→ Your assignment
Pictures excluded, reproduce exactly the lines below from the one with "Invicta Model 29375" through the one with "La Demeure mysterieuse", both included.

→ Dataset records
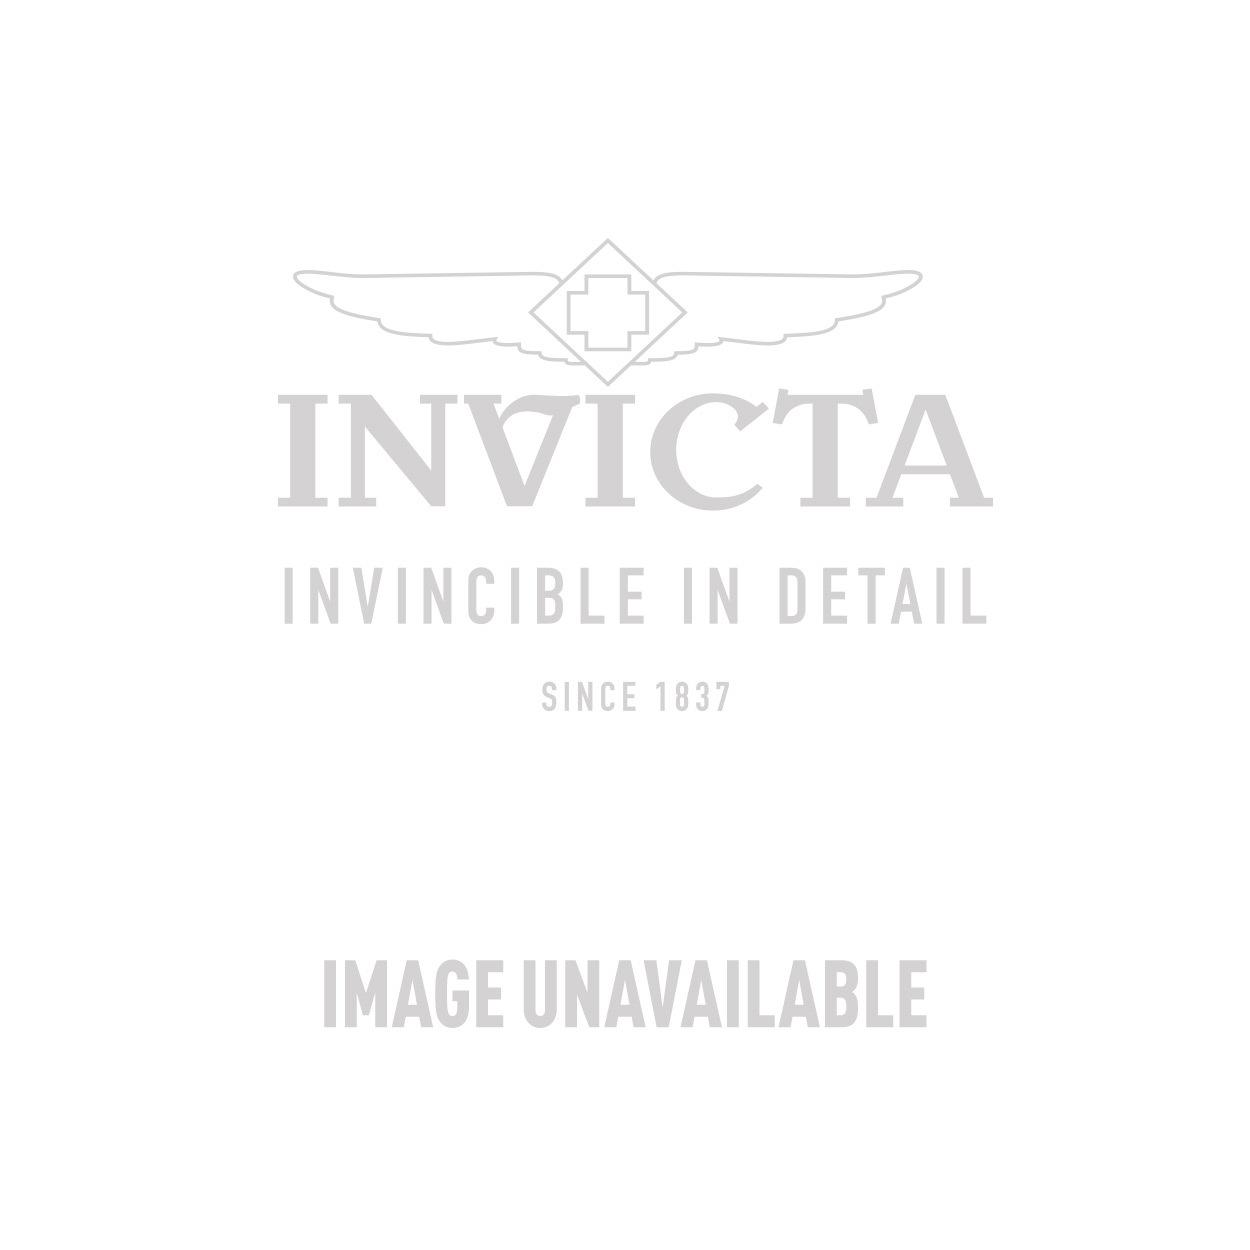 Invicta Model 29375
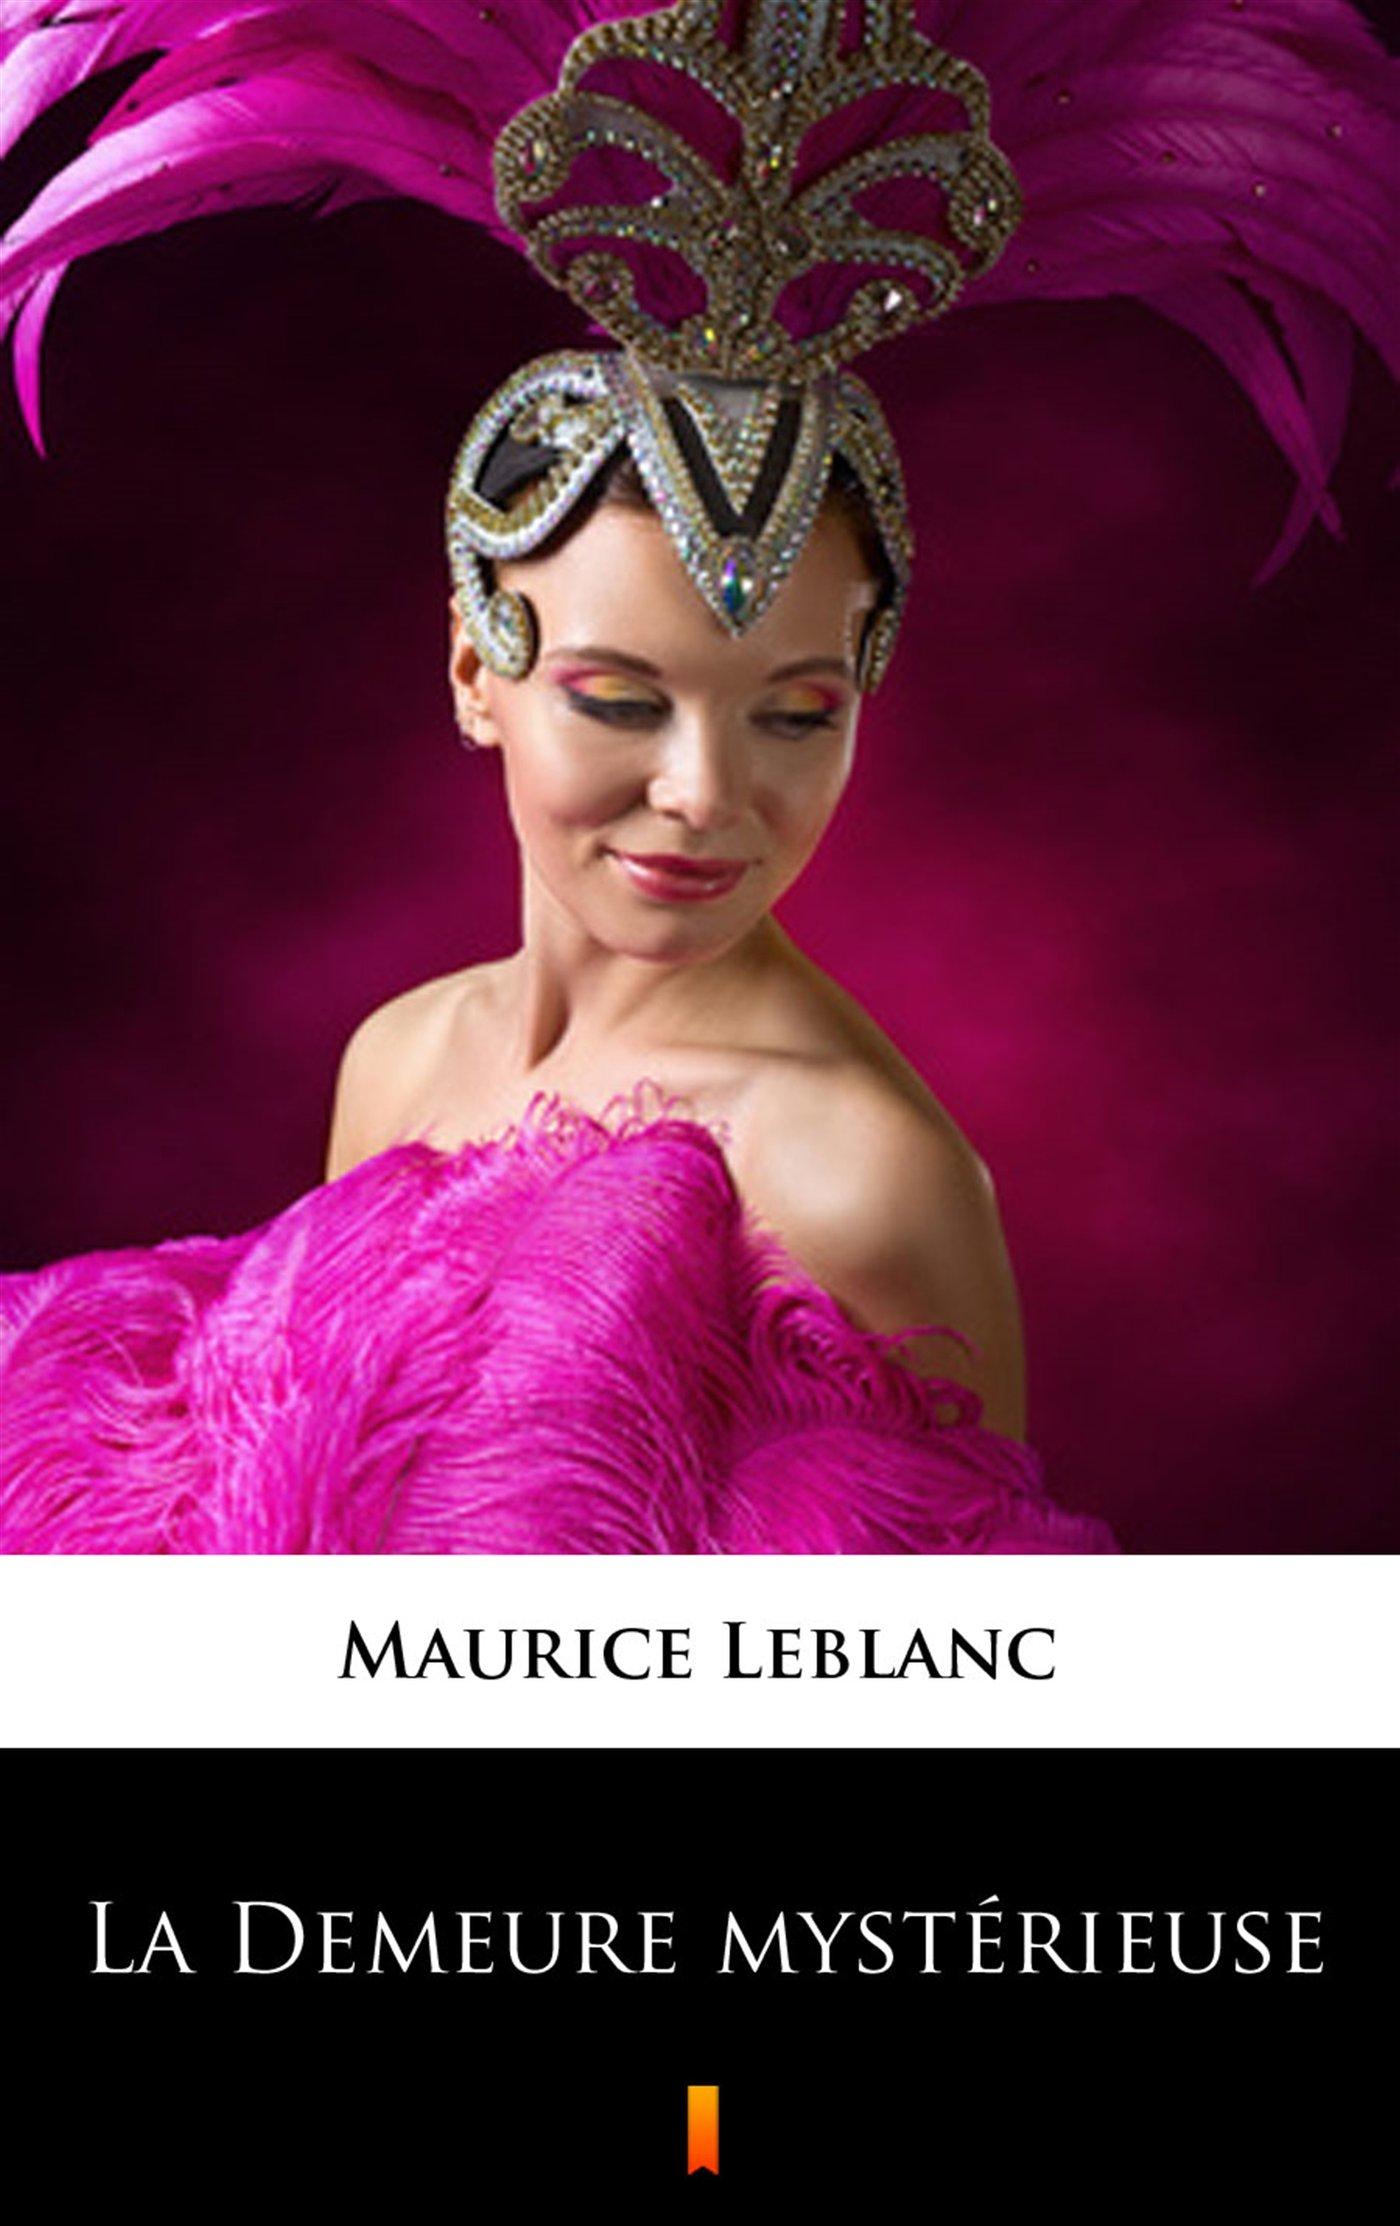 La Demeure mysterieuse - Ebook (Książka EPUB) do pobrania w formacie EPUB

* * *

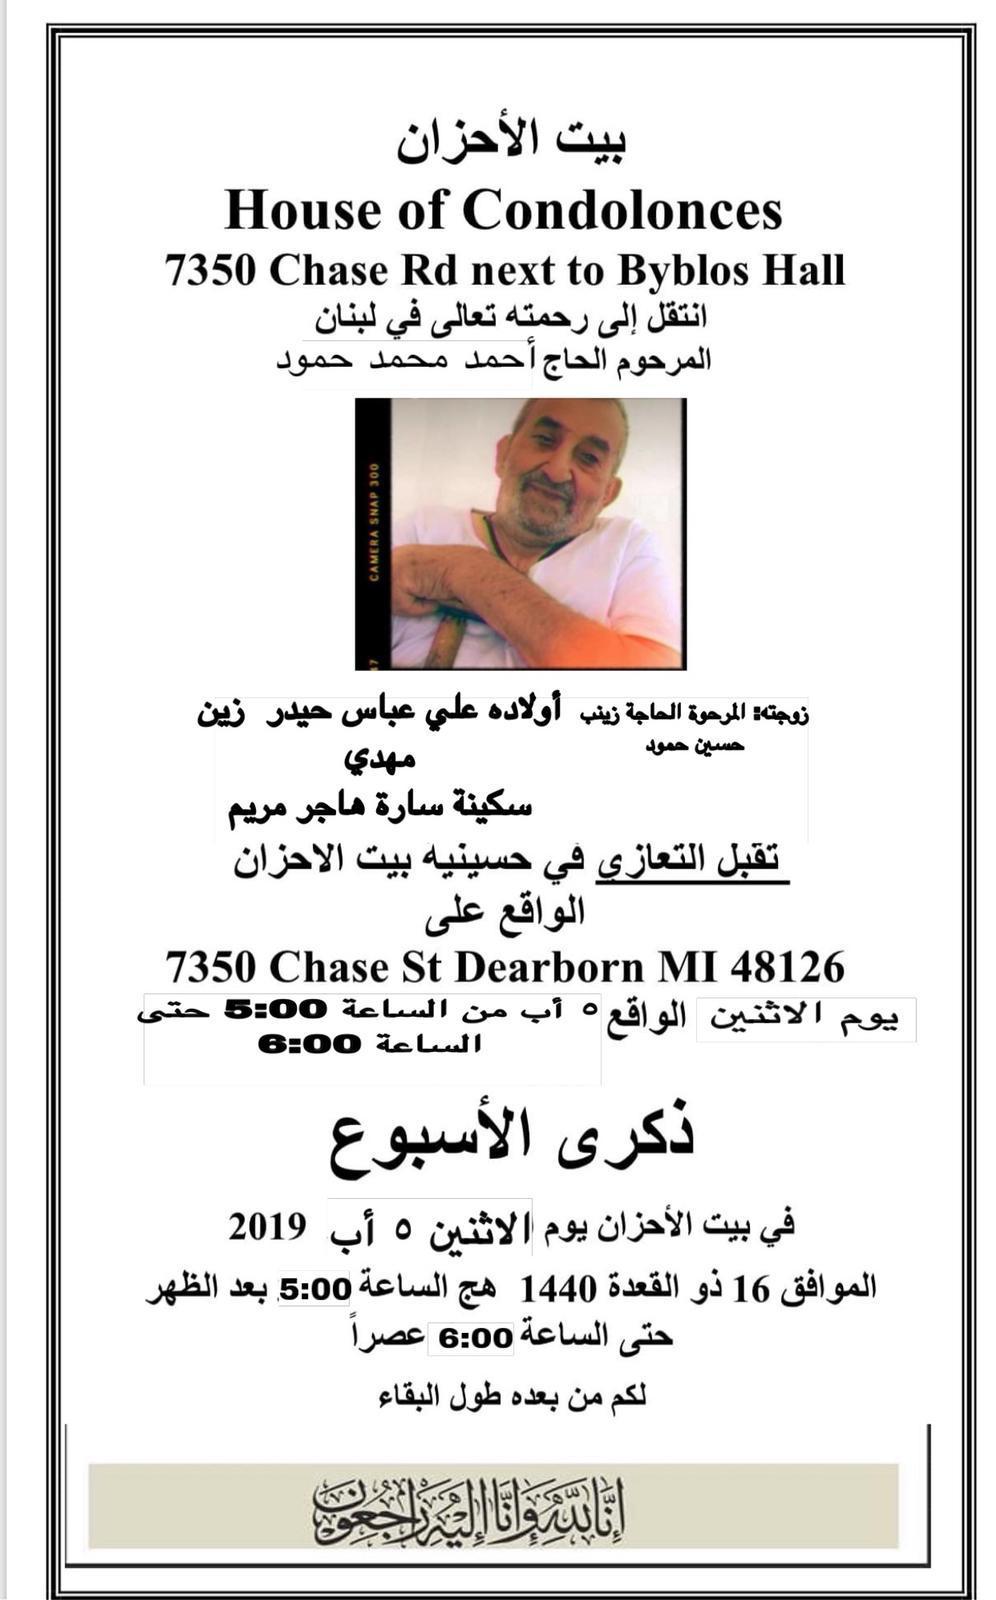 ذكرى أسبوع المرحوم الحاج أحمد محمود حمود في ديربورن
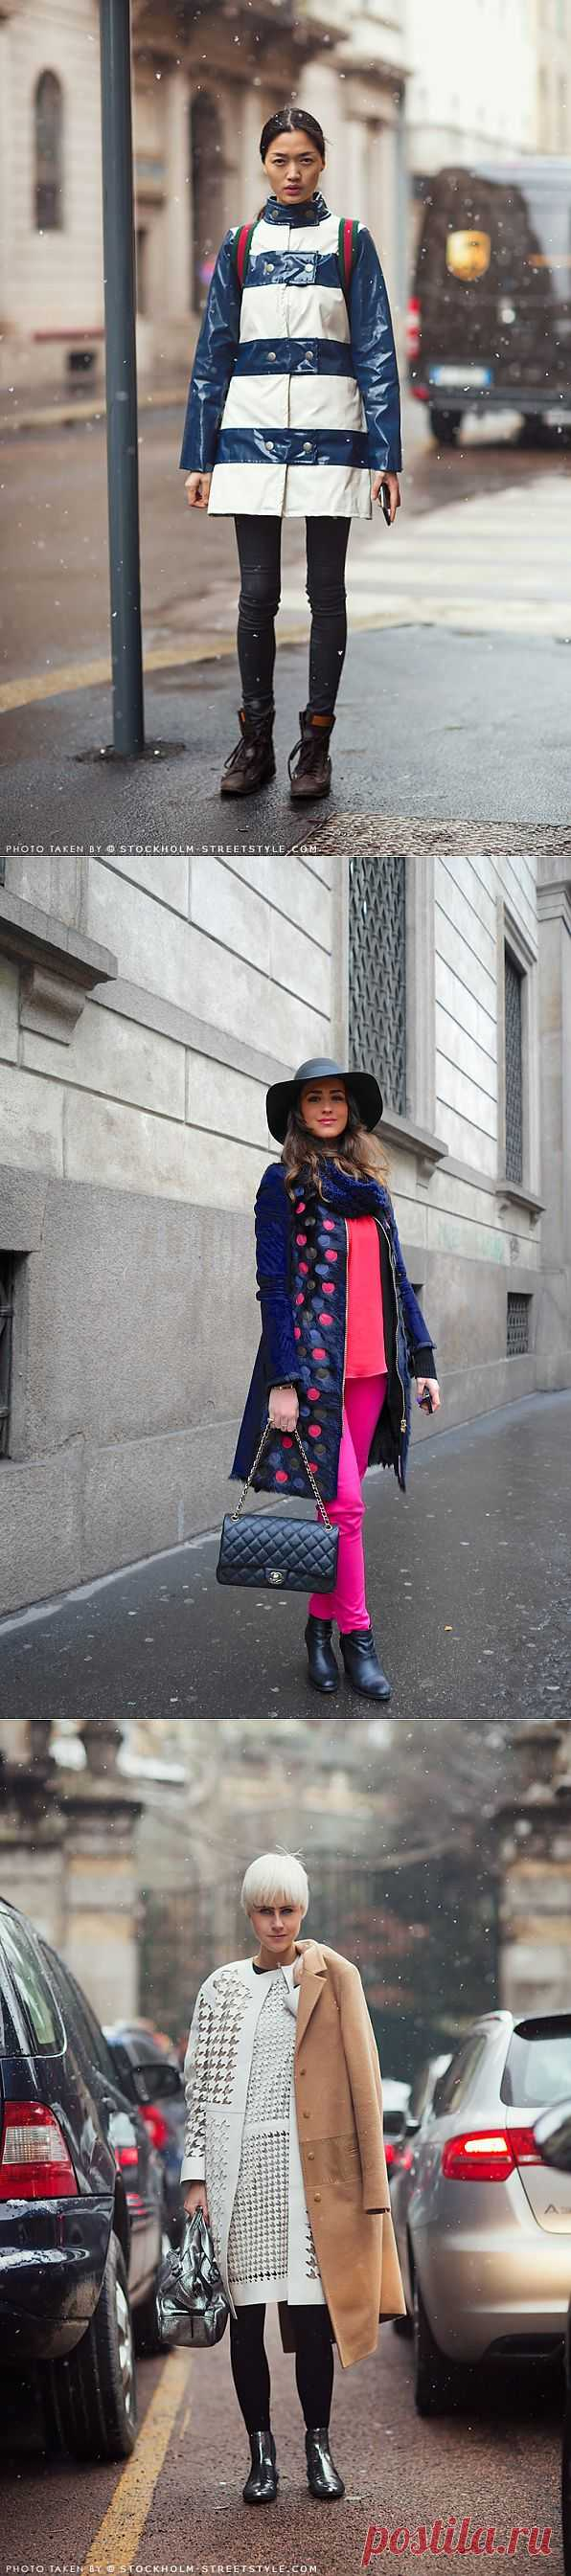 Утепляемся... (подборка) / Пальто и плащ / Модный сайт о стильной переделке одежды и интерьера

--

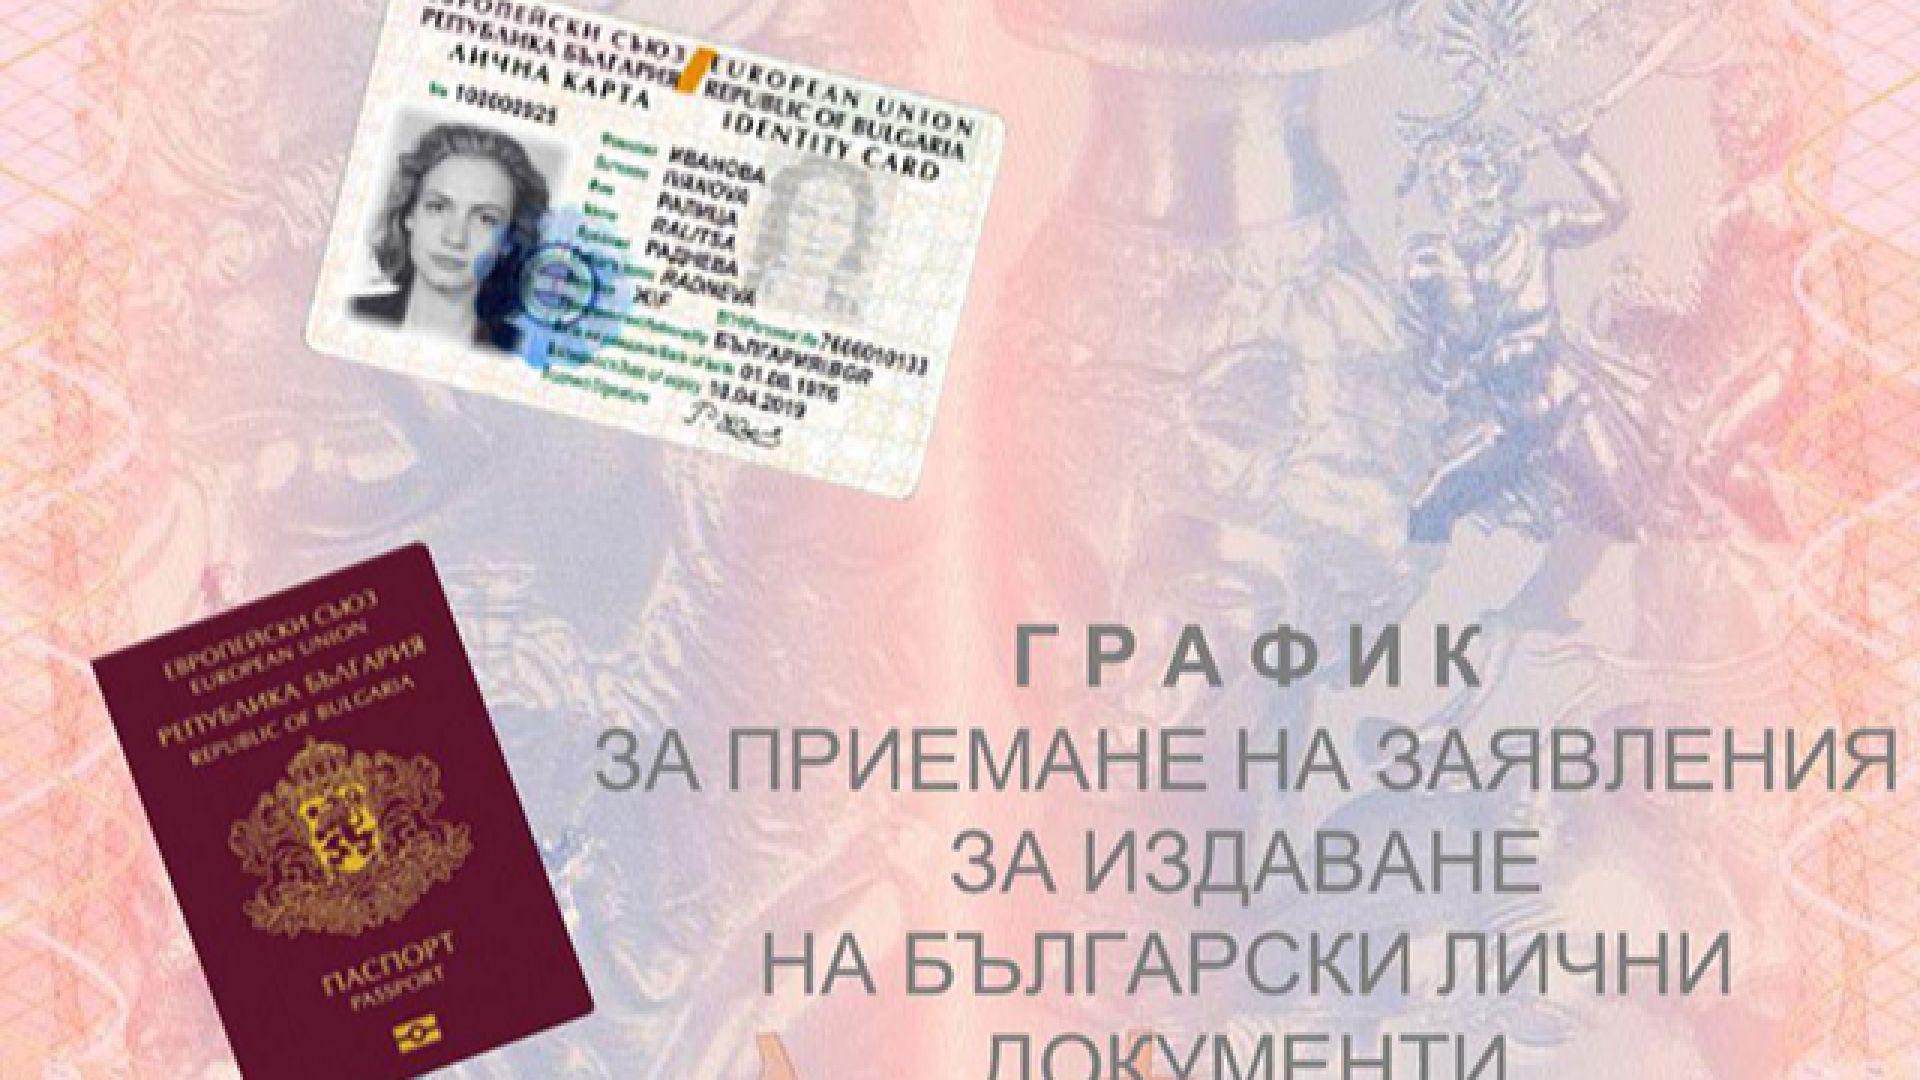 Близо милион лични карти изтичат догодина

→ Expected answer
 Invicta Model 29375
 La Demeure mysterieuse - Ebook (Książka EPUB) do pobrania w formacie EPUB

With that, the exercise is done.